Ma anche il jazz non è rimasto immune a questo legame: in particolare con l’eroina. Si pensi a John Coltrane. Sicuramente tra i sassofonisti più famosi del mondo, è stato tra i capisaldi del genere negli anni ’60, chiudendo il periodo del bebop e aprendo quello del free jazz. John si dedica per tutta la vita alla meditazione e per molti anni farà uso di stupefacenti.

I legami tra musica e droga sono svariati: dal jazz ed eroina negli anni Sessanta, ai funghetti psichedelici negli anni Settanta, alla disco e il metaqualone, dal reggae e l’erba al punk e la speed, ma anche l’hip-hop e la purple drank.

Forse però abbiamo ancora troppi stereotipi da abbattere. E per questo è utile riportare uno studio condotto da Addictions.com: hanno passato al setaccio gli 1,41 milioni di testi pubblicati sul sito Song Meanings.

Innanzitutto possiamo notare dal grafico come i riferimenti alle droghe nei testi siano aumentati nel corso di cento anni (il periodo preso in esame è quello dal 1933 al 2013). Il picco lo abbiamo avuto nei primi anni duemila, successivamente si può riscontrare un’inversione di rotta.

E poi il secondo grafico. Rullo di tamburi. Contro ogni pronostico, è la musica country il genere che cita più frequentemente le droghe nei testi delle canzoni. Fanalino di coda proprio il rap, considerato da molti benpensanti come una delle cause della distruzione morale dei giovani.

Al contrario, negli ultimi tempi il rap e l’hip hop non fanno più riferimento a stupefacenti… ma hanno il suono di due milligrammi di Xanax. Questo farmaco ansiolitico, infatti, si sta diffondendo tra DJ e rapper. Lo Xanax può essere preso con moderazione – e sotto ricetta medica – per curare attacchi d’ansia ricorrenti. E invece inizia ad essere usato anche nell’ambiente musicale per sballarsi. Come l’alcol, lo Xanax è un depressore del sistema nervoso centrale. E pare che sono proprio i musicisti anglosassoni quelli più colpiti. Recentemente è deceduto il rapper Lil Peep (classe 1996), definito il Kurt Cobain del rap. Morto per overdose a soli 21 anni, con un letale mix proprio di fentanyl e xanax. Nei suoi testi oscuri parlava proprio dell’uso eccessivo di droghe e antidepressivi. Il consumo e l’abuso di questo farmaco è cresciuto in maniera così esponenziale in questo ambiente musicale che si potrebbe iniziare a parlare di “xanax rap”, come fosse un vero e proprio sottogenere.

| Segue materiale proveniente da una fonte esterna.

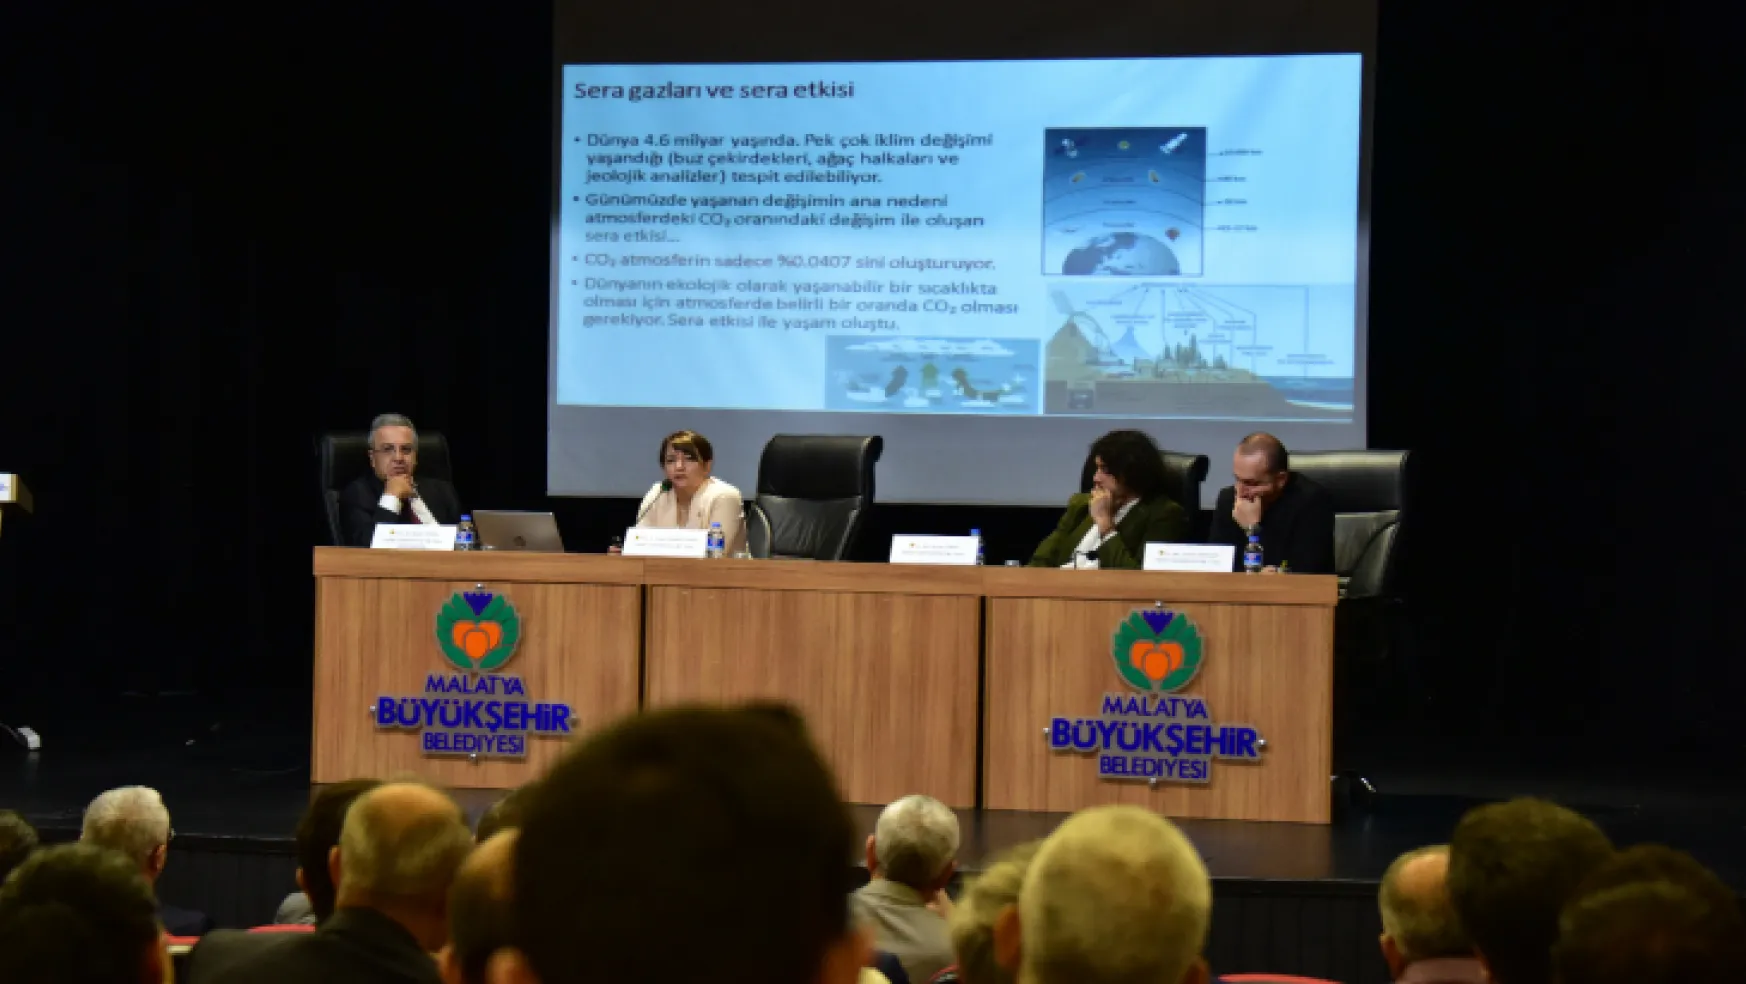 Malatya Büyükşehir Belediyesi tarafından 'İklim değişikliği ve Malatya üzerindeki etkileri' konulu seminer gerçekleştirildi

Ma la musica non è altro che specchio della società in cui viviamo. Difatti, il mese scorso The Guardian ha pubblicato un articolo in cui riportava dati piuttosto preoccupanti: il Regno Unito rappresenta il 22% del mercato mondiale di Xanax sul dark web, ossia le vendite online non rintracciabili. E non è tutto: anche negli Stati Uniti è scoppiata la paura per l’uso estremo di questo antidepressivo. Il New York Times ha addirittura suggerito il nome “Stati Uniti dello Xanax” per descrivere lo stato attuale del Paese. Dunque non più la Prozac Nation, non sono più gli anni Novanta della depressione, bensì dell’ansia. Prima cantavamo Man in the box degli Alice in Chains. Adesso, c’è Lil Xan – sì, ha preso il nome proprio dallo Xanax -, che nel testo di Far dice: “Never saw myself up in the limelight. Switched up, too fly, oh naw hater“.